Three months ago I took a chance. I answered a job posting and tried something very new to my professional life. So new in fact that it scared the crap out of me. At the start, every day was a battle between not wanting to screw up and trying to feel comfortable asking the questions that would allow me to learn. And at the same time, live up to the reasons I was hired. My creativity, my independence, my self-motivation and how capable I was. I wanted to succeed at this new thing, this new job. I wanted it more than anything I have wanted in a long time. On top of all this I had a part time job at MEC, was involved in two Fringe shows and had various other commitments that I had taken on before I got the job. Needless to say, the new thing didn’t get the attention it deserved. It was mostly a mind game for me. I put in my hours and tried my hardest. Then I went about doing other obligations for 15 or more hours per day. Some of you know what I’m talking about. But, ostensibly, I got in the way of myself. I tried to do too many things at once. Run before learning to walk…I thought I was flying but I was falling.
In trying something different I realized many things about myself. I have limitations. I need sleep. I need to eat regularly. I have to learn to say no and to only commit to the things that don’t affect the important things in my life. My girlfriend, for example, has seen me twice in the last month (and one of those days was full of jamming an epi-pen in her hip and hanging at the hospital). There are things that I want now that I haven’t ever wanted before. And even though I did not succeed at least I attempted and this attempt was a door that swung open to so many possibilities. On top of this, those ‘wants’ are not gone. In fact, I want them more than I did when they were accessible. Now, trying harder and learning from my mistakes seem to be the important thing. I just have to find the place where I can apply this knowledge. I am driven. I would love to replicate what I just had, but with a better outcome and with better choices along the way.
I didn’t realize the satisfaction I would get from working with a team to help someone’s business flourish. How simple and sometimes small pieces can play an integral part in the bigger picture.

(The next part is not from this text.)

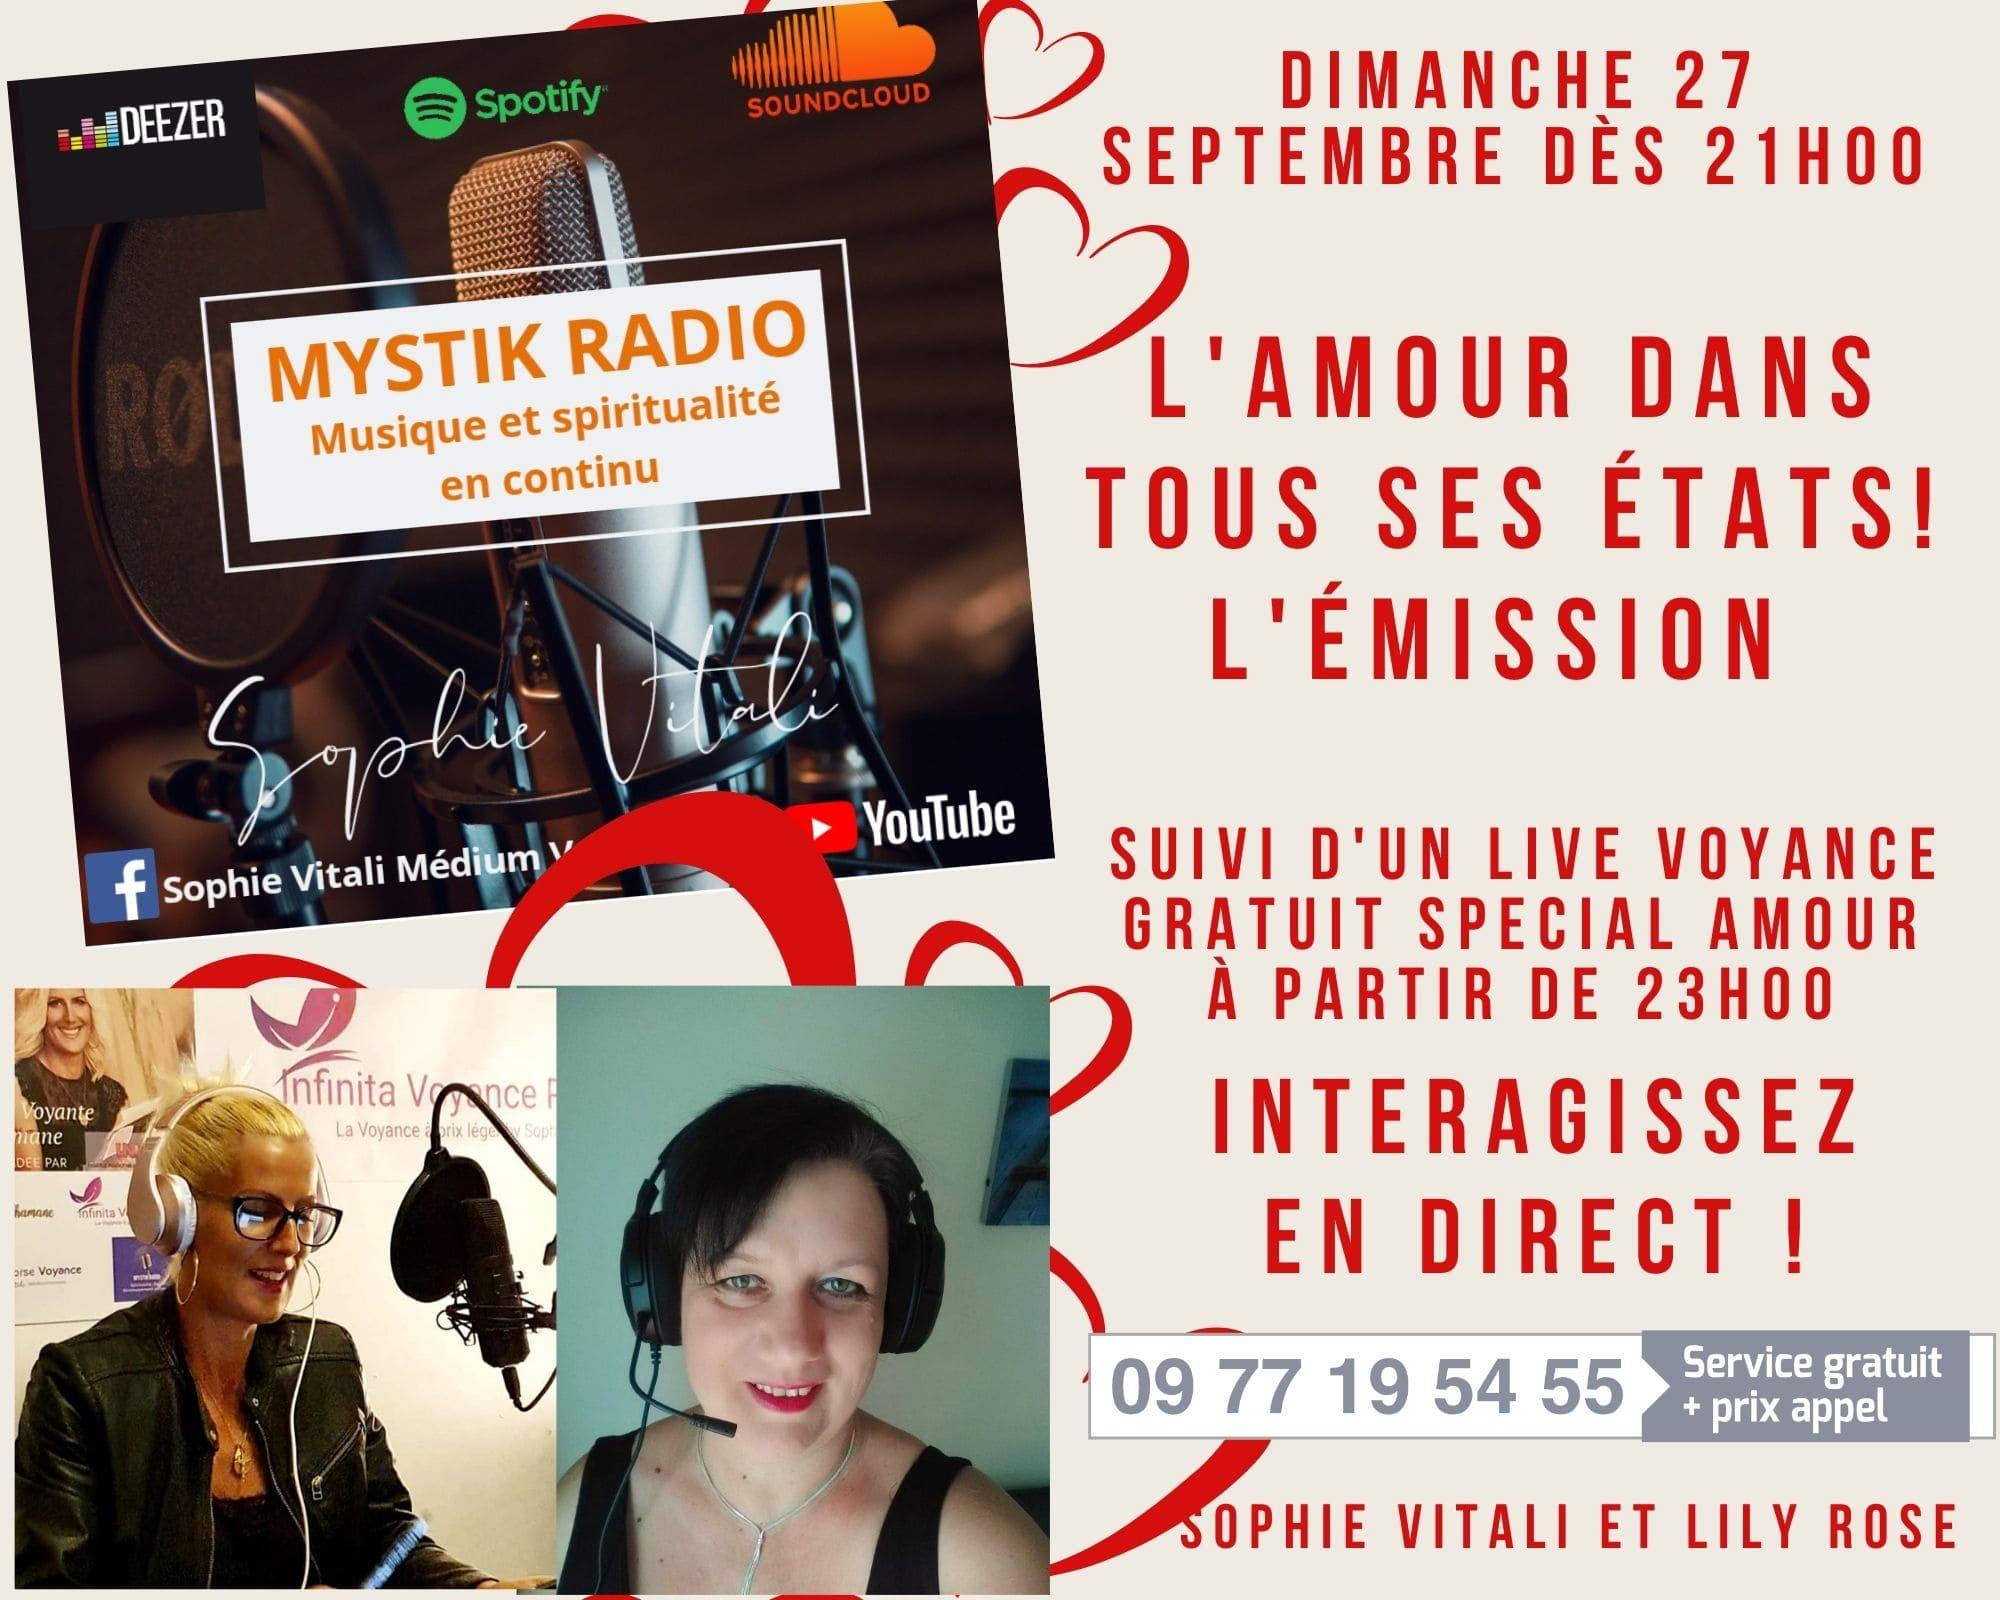 L'amour dans tous ses états ! L'émission en direct sur Mystik Radio

How learning can be satisfying even if there isn’t a philosophical or artistic angle to it. I fell in love with this new thing. I had trouble sleeping at nights going over and over what I needed to do and how possibly I could to it better. I wanted to learn more.

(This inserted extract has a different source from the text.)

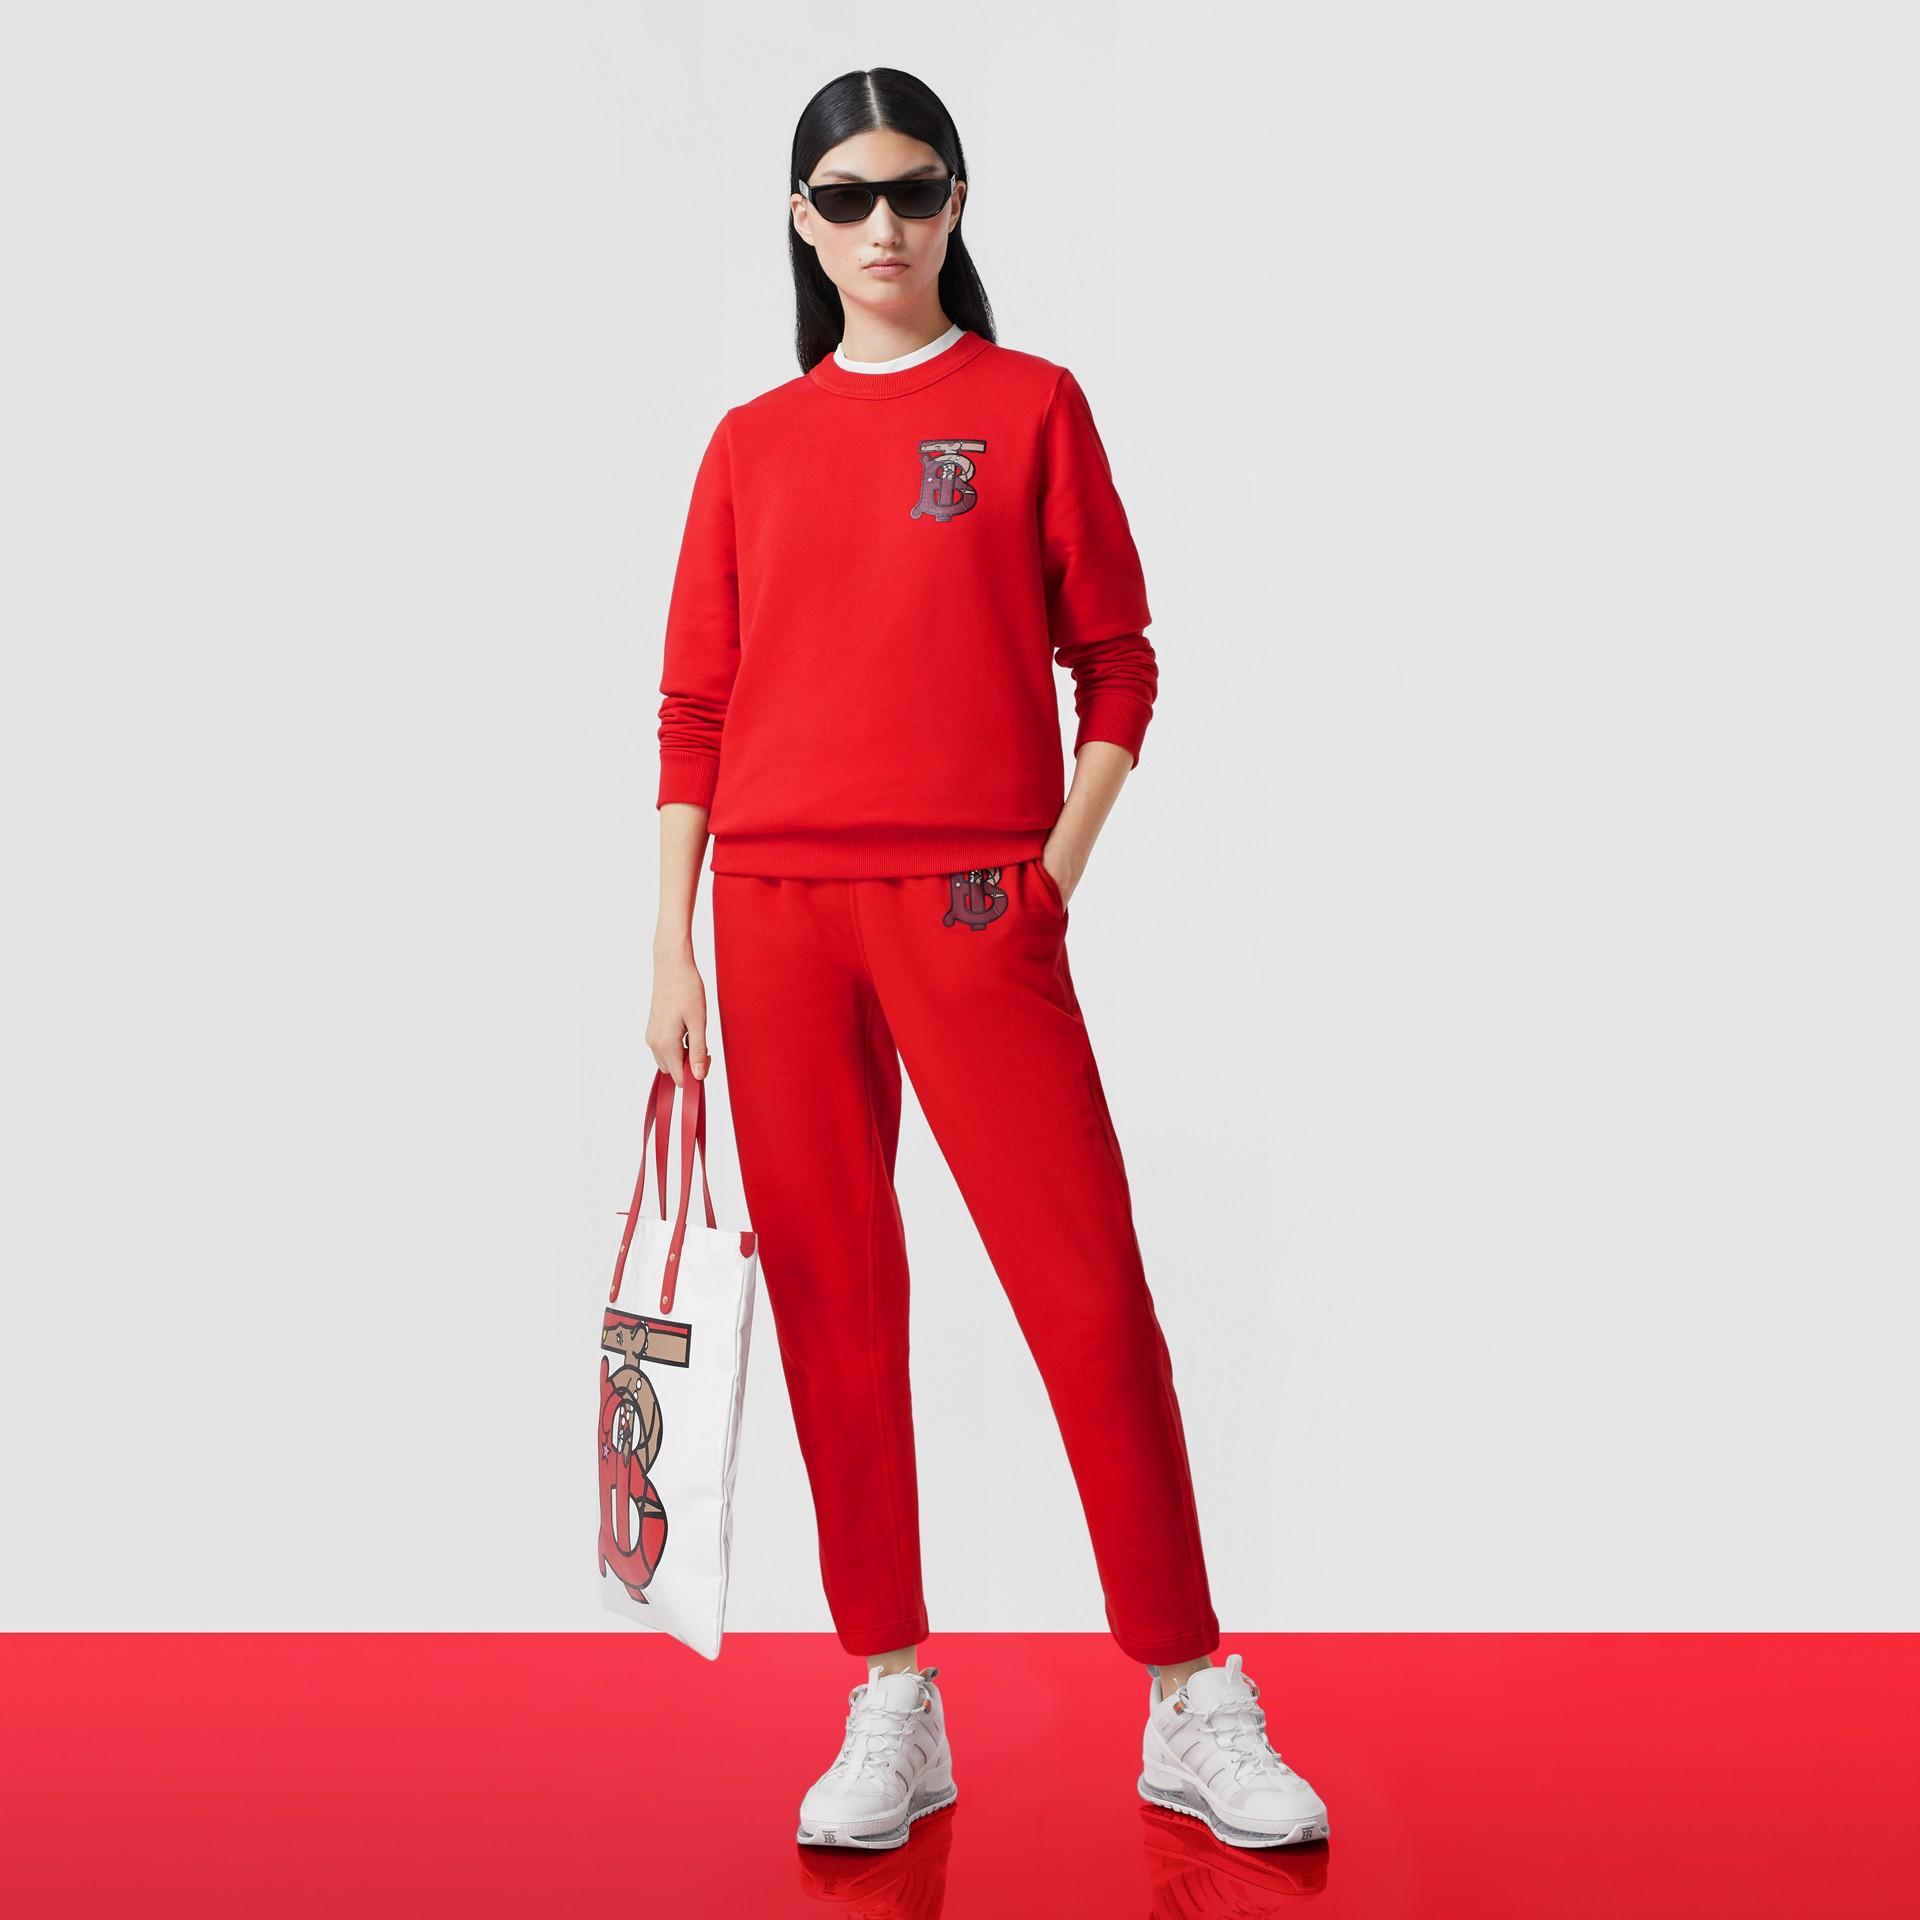 花押字圖案棉質寬版運動衫 (亮紅色) - 女款 | Burberry - 圖庫照片 5

But then reality snuck in and threw everything into the wind. Change is very tough. Sudden change is harder. But change is inevitable whenever it happens and it’s all about how you deal with it. Yeah, I am pretty down, but someone who loves me showed me that all things can be positive. And I am choosing this way rather than the ‘I’m going to my room to listen to Morrissey’ way.

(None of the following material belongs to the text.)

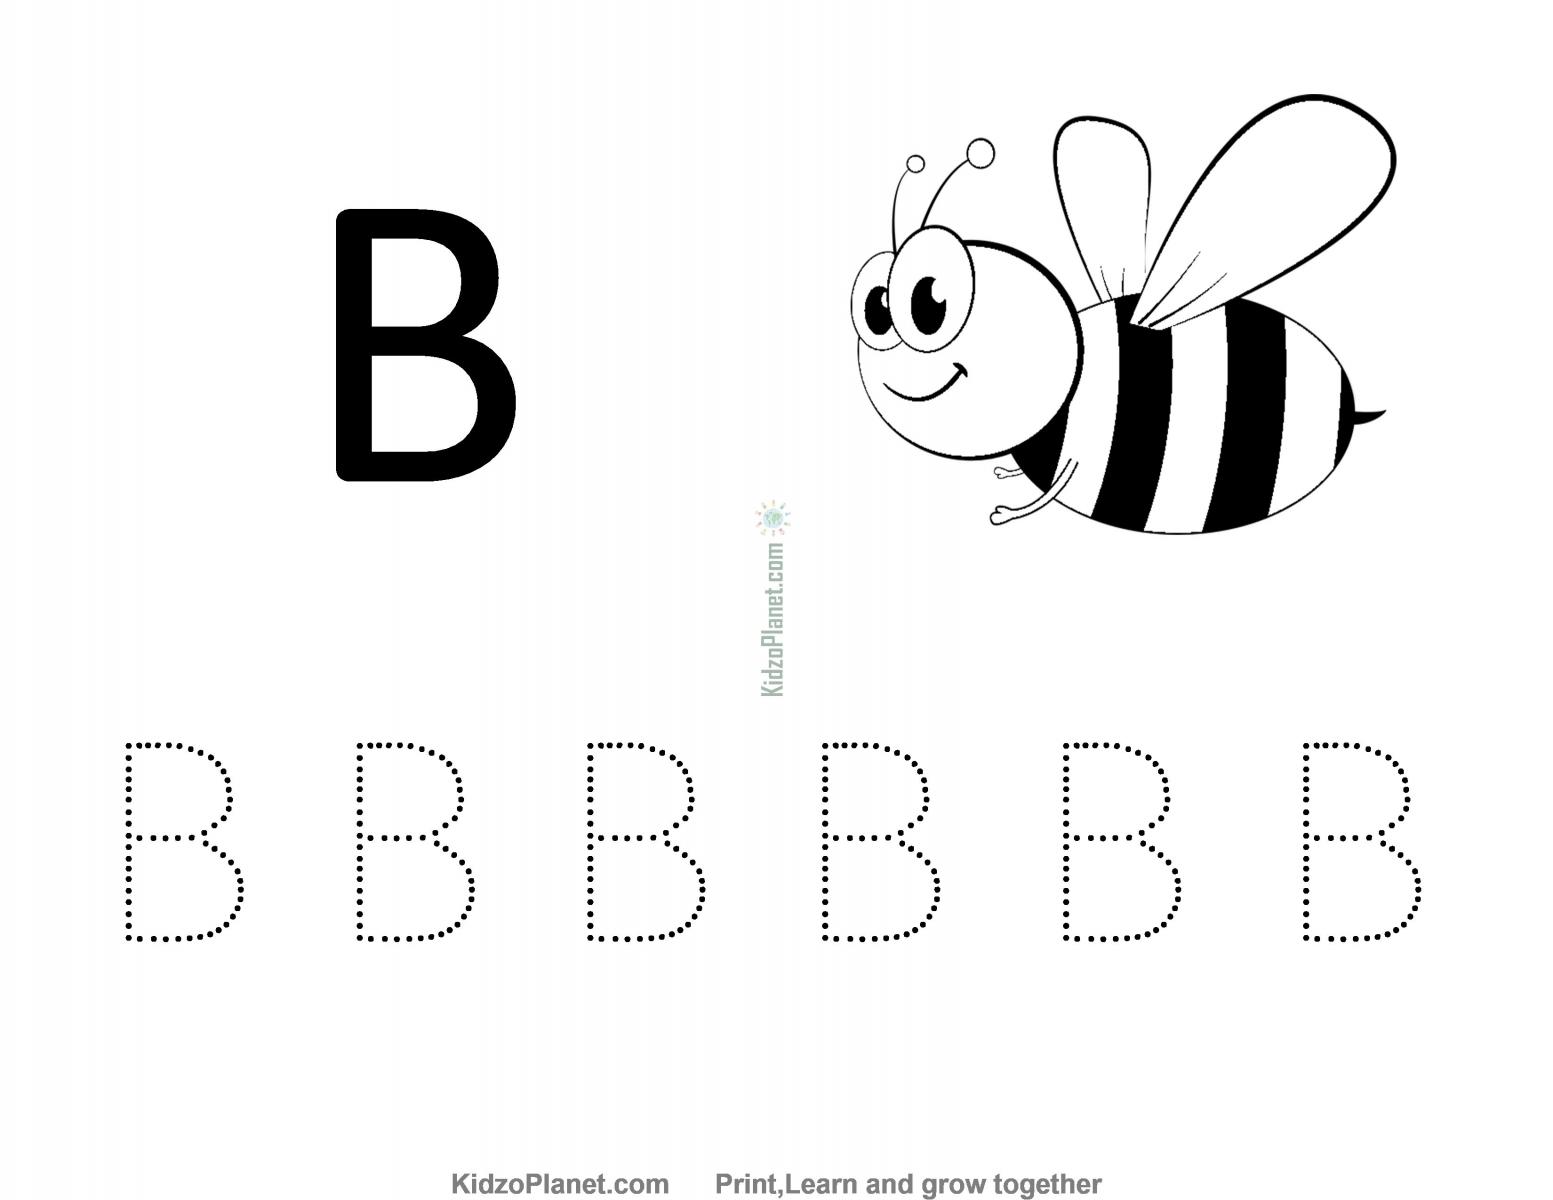 Free Worksheet For Kids , Kidzoplanet Printable Worksheets within Letter B Worksheets For Preschool Free

In the end, I was pretty sure I had a grasp on it all. I simplified my focus and felt like I was learning as well as applying said learning with increasing efficiency. It all seemed to click. But I was drawn too thin. If I could go back, I would have focused solely on it. But, my previous life as a freelancer taught me survival is dependent upon following through with commitments. So it goes.
I’m sad to move on, but business is business. The people I met and that helped me along the way are exceptionally awesome. It was a brief glimpse into what an exciting work environment should be like. I just wish I had a bit more time but such is the bane of someone who wants it all and wants it now.